XOR to find Duplicates in an array

Question

I have seen the solution for this problem in this thread -> How to find a duplicate element in an array of shuffled consecutive integers?

But the problem I am now having is little varied from it.

int arr[10] = {1,2,3,4,5,6,7,8,4,9};
    int a= 0;
    for(int i=0;i<10;i++) {
     a= a^ arr[i] ^i;
    }
    cout<<a;

Consider the above mentioned code snippet. Things work fine as it is. But when I add a 0 to the above mentioned array like, int arr[11] = {0,1,2,3,4,5,6,7,8,4,9}; I am not getting the proper duplicate element. Can somebody correct me the mistake I am making here?

Answer 1

The trick relies on the values being between 1 and n.

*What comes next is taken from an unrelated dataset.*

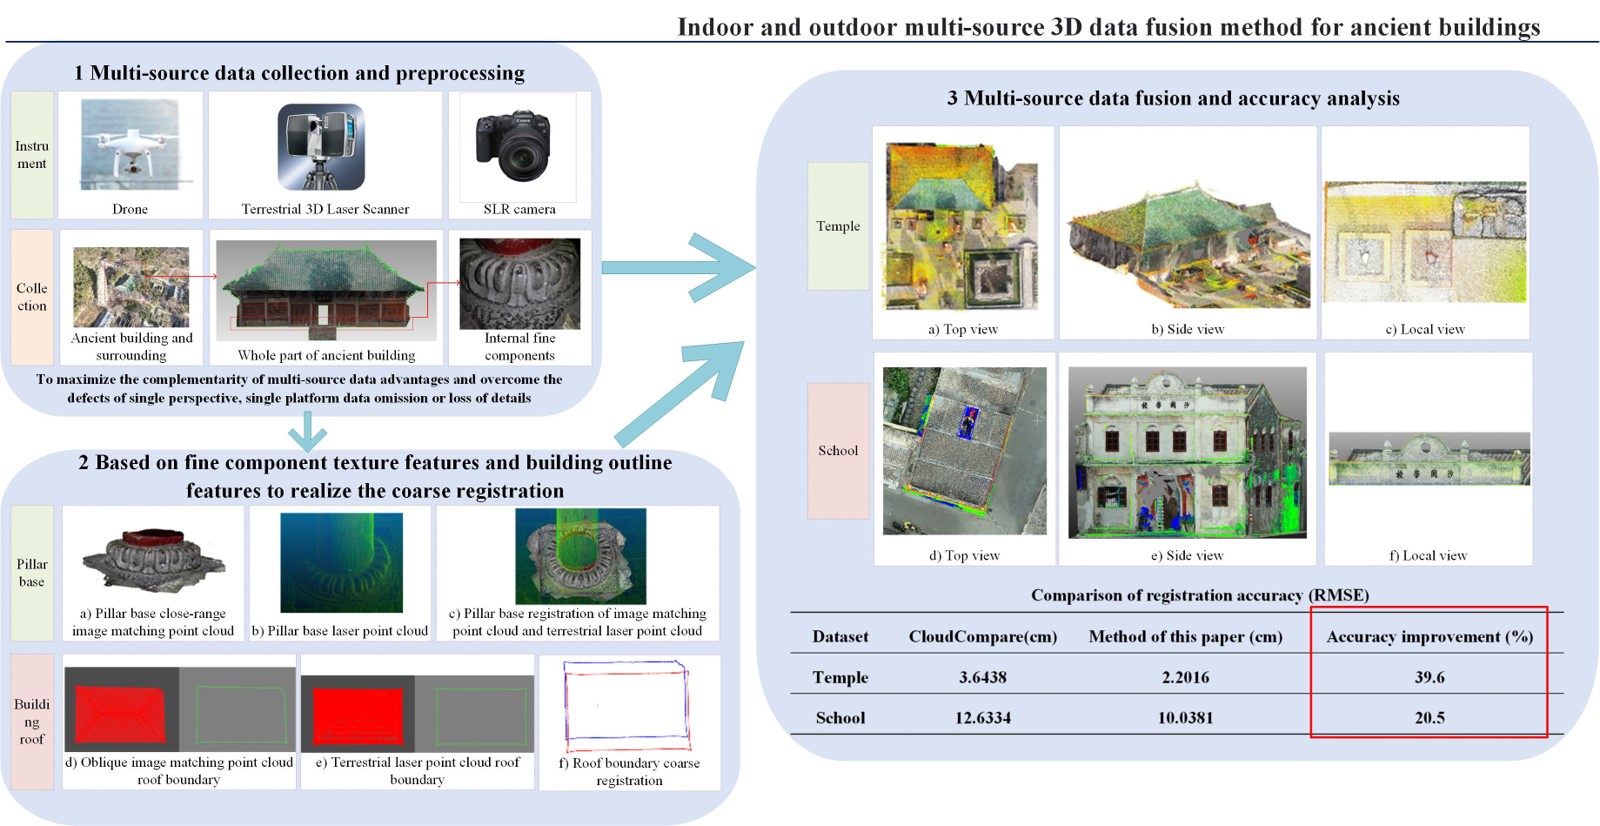 Indoor and outdoor multi-source 3D data fusion method for ancient buildings

If the numbers are in some other range you'll have to offset them.

static const int n = 11;
int arr[n] = {0,1,2,3,4,5,6,7,8,4,9};
int offset = 1;
int a= 0;
for(int i=0;i<n;i++) {
 a= a^ (arr[i]+offset) ^i;
}
cout<< (a-offset);

Answer 2

I think i see what happened. you probably changed the loop to be

for(int i=0; i<11; i++)
  ...

since you added an extra element to the loop. the problem is that it's not XORing with 10, which is not a number in your array. So, the algorithm stops working.

int arr[11] = {0,1,2,3,4,5,6,7,8,4,9};
int a= 0;
for(int i=0;i<10;i++) {
  a= a^ arr[i] ^i;
}
a = a^arr[10];

cout<<a;

now, its XORing nums from 0 to 9 twice (which equals zero) and 4 an additional time, so the result should be 4.

Answer 3

I'm guessing it could have to do with the fact that the i value would then be the same as arr[i]

thats like doing:

00000001 ^ 00000001

which equals 00000000

and I may be thinking incorrectly but wouldn't that screw up the process?